Natural rubber industry plays an important role in China's production and marketing and economic development. China is not only the largest consumer and importer of natural rubber in the world, but also an important producer. Zheng Wenrong provided such a set of data at the scene: China's rubber planting area reached 17.6 million mu, ranking third in the world; annual output of more than 830k tons, ranking fourth in the world.

As the largest production and consumption of natural rubber, No. 20 rubber futures has great attraction for upstream and downstream enterprises to participate.

Yuan Song, assistant president of Sailun Group, said in an interview with the media at the ceremony that as the largest consumer of natural rubber in the world, the listing of No. 20 rubber futures provides a powerful means for stable production and development of production-oriented enterprises under the changing international situation.

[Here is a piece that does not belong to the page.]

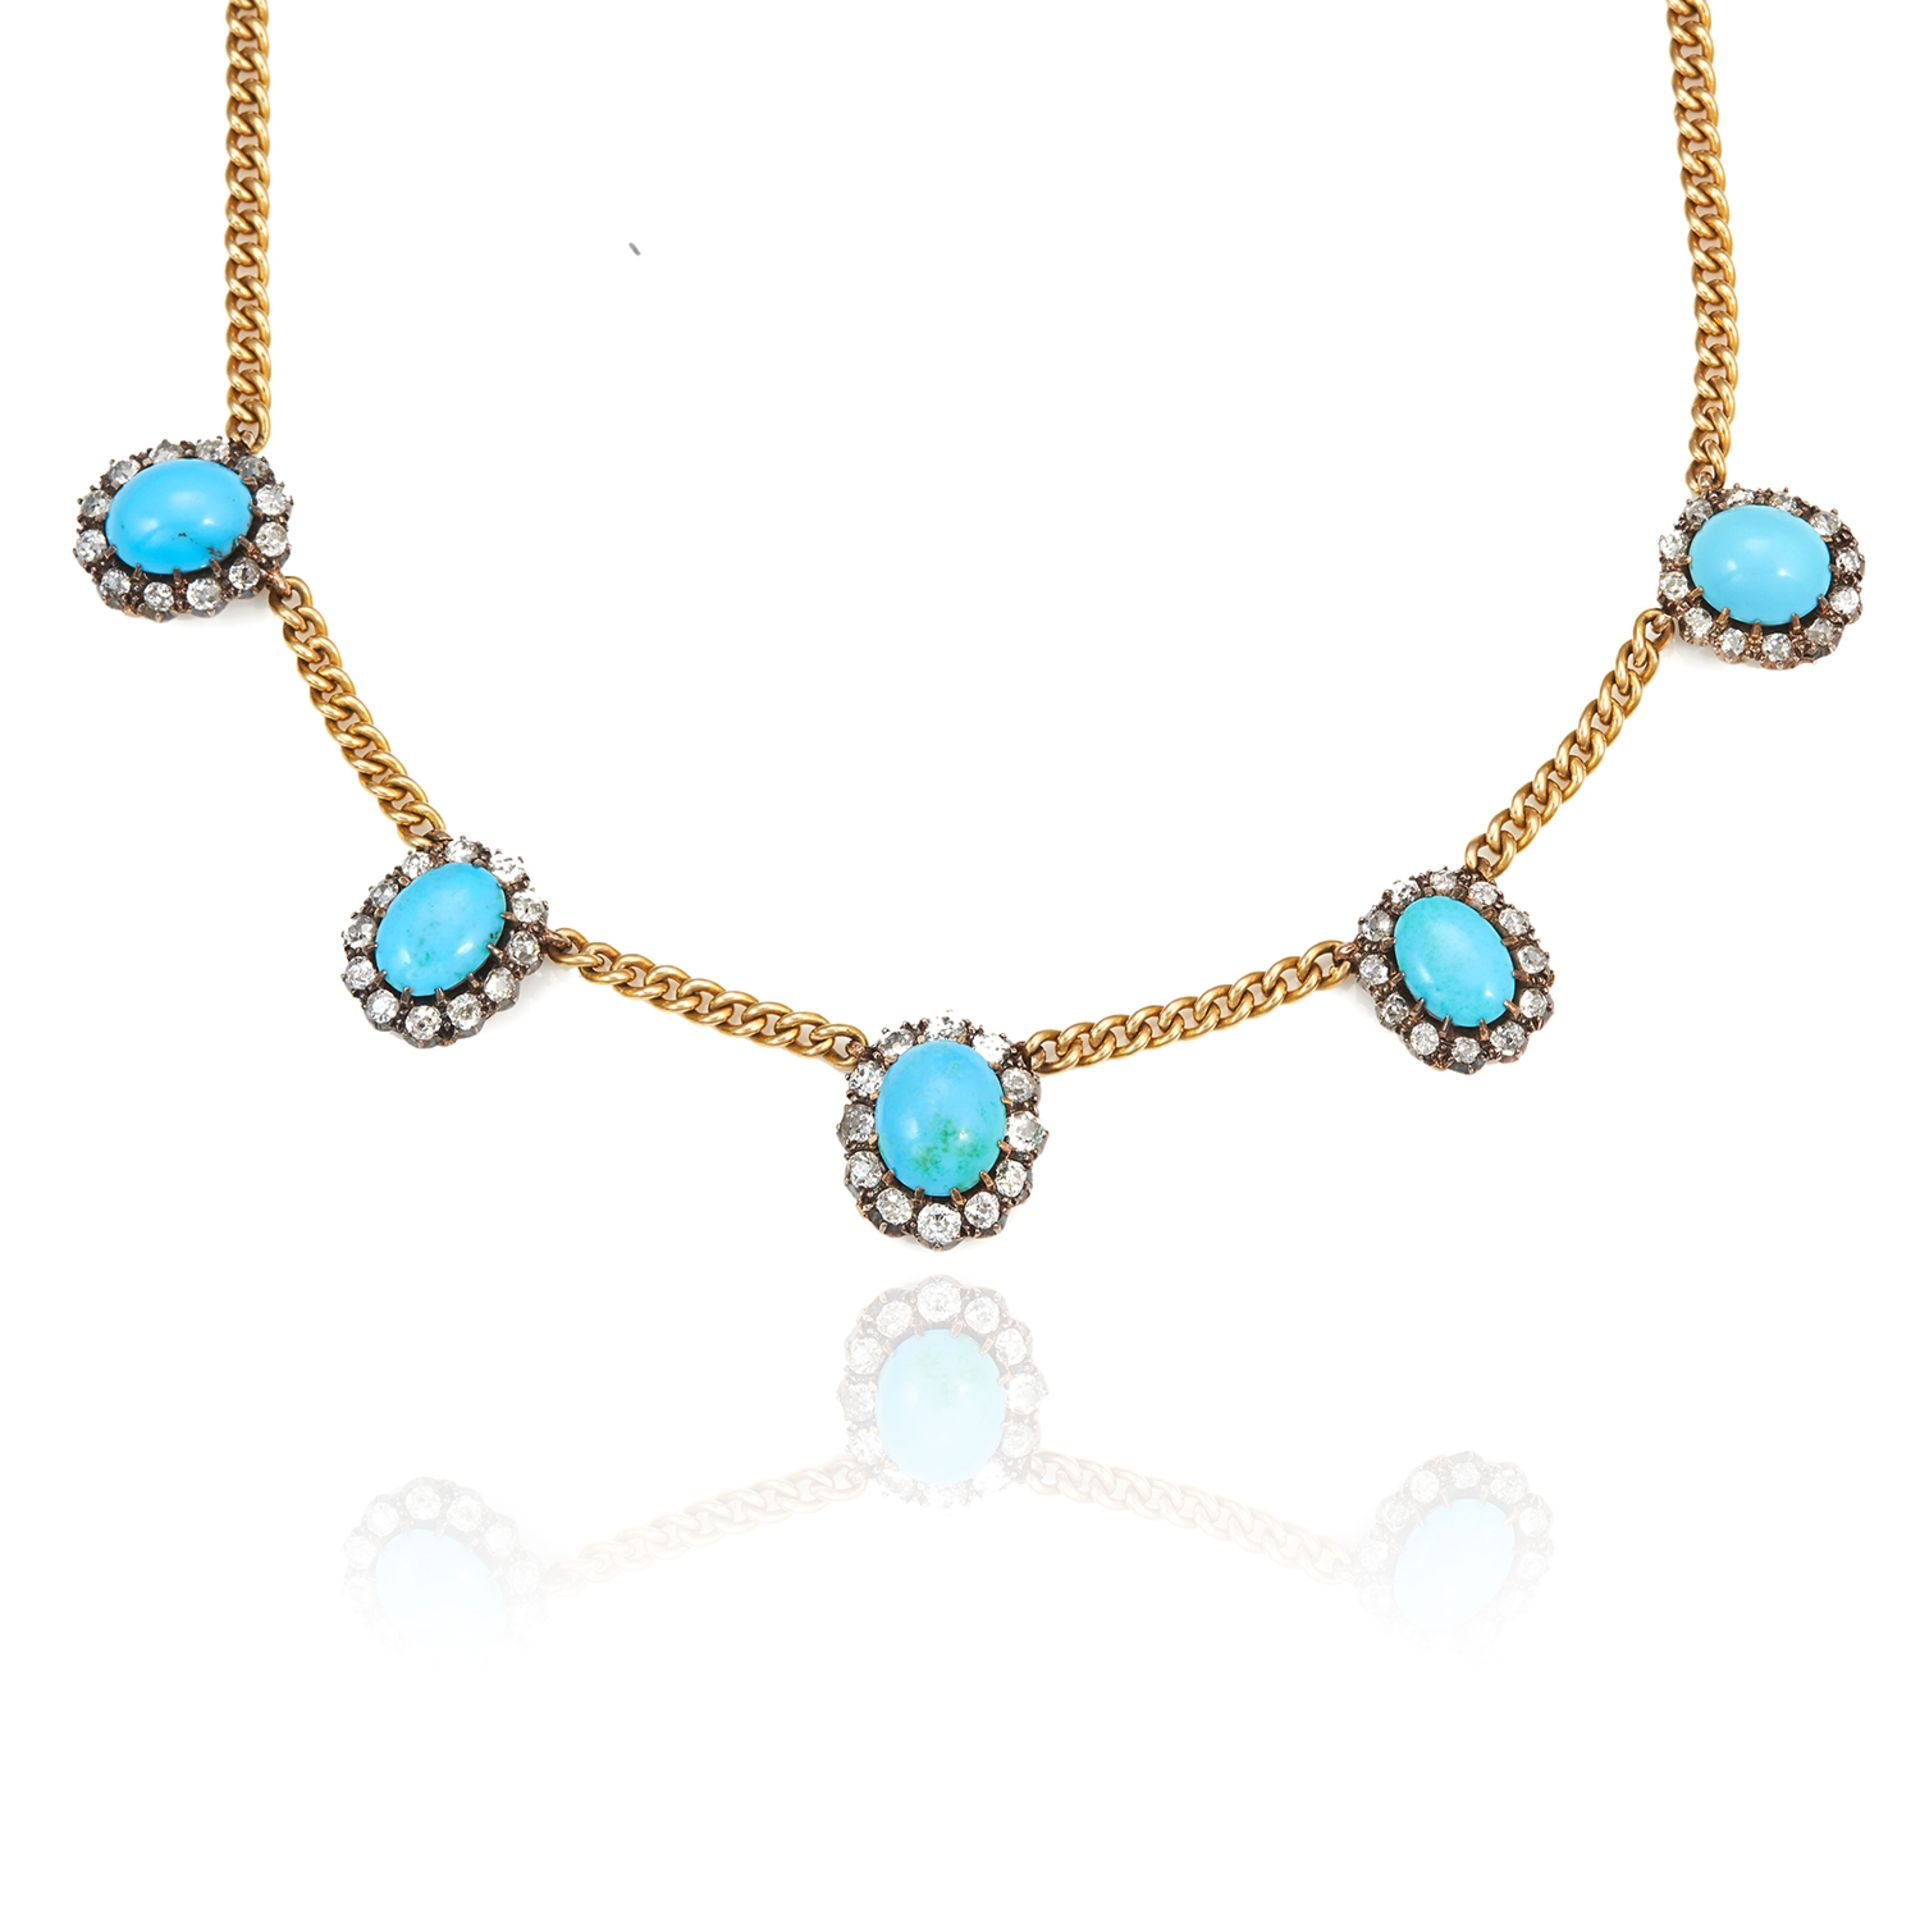 AN ANTIQUE TURQUOISE AND DIAMOND NECKLACE in 18ct yellow gold and silver, the curb link necklace

No. 20 rubber futures got a "red start" on the first day of listing. The main contract NR2002 closed at 9820 yuan/ton, up 6.05% from the benchmark. From the trading information, 93 members and 362 customers participated in collective bidding on the first day of trading of No. 20 rubber futures, and 312 (unilateral) traded in the first batch.

Natural rubber industry chain enterprises and other domestic and foreign institutions participated in the first batch of transactions through collective bidding, including: Shanghai Longxiang International Trade Co., Ltd., a subsidiary of Hainan Natural Rubber Industry Group Co., Ltd., Yunnan Natural Rubber Industry Group Co., Ltd., Shanghai Yunxiang Industrial Co., Ltd., and Outai, a major producer of natural rubber products. Ltd., Ningbo Shanshan Petrochemical Co., Ltd.

In addition, Taihua Gum (Volkswagen) Co., Ltd., Yagi International (Singapore) Co., Ltd. and BANDS Risk Management Limited participated in the transaction through three overseas intermediaries, DBS, Shirui Financial Services Co., Ltd. and Panshi Financial Co., Ltd.

Li Shiqiang, general manager of Shanghai Shidong Trading Co., Ltd., told the media at the ceremony that there was a big increase on the first day, reflecting the industry's expectations for No. 20 rubber futures. Upstream and downstream enterprises can better use No. 20 rubber futures as hedging or risk management, which will play a very important role in the risk management of natural rubber as a whole and improving the global pricing power of Chinese rubber.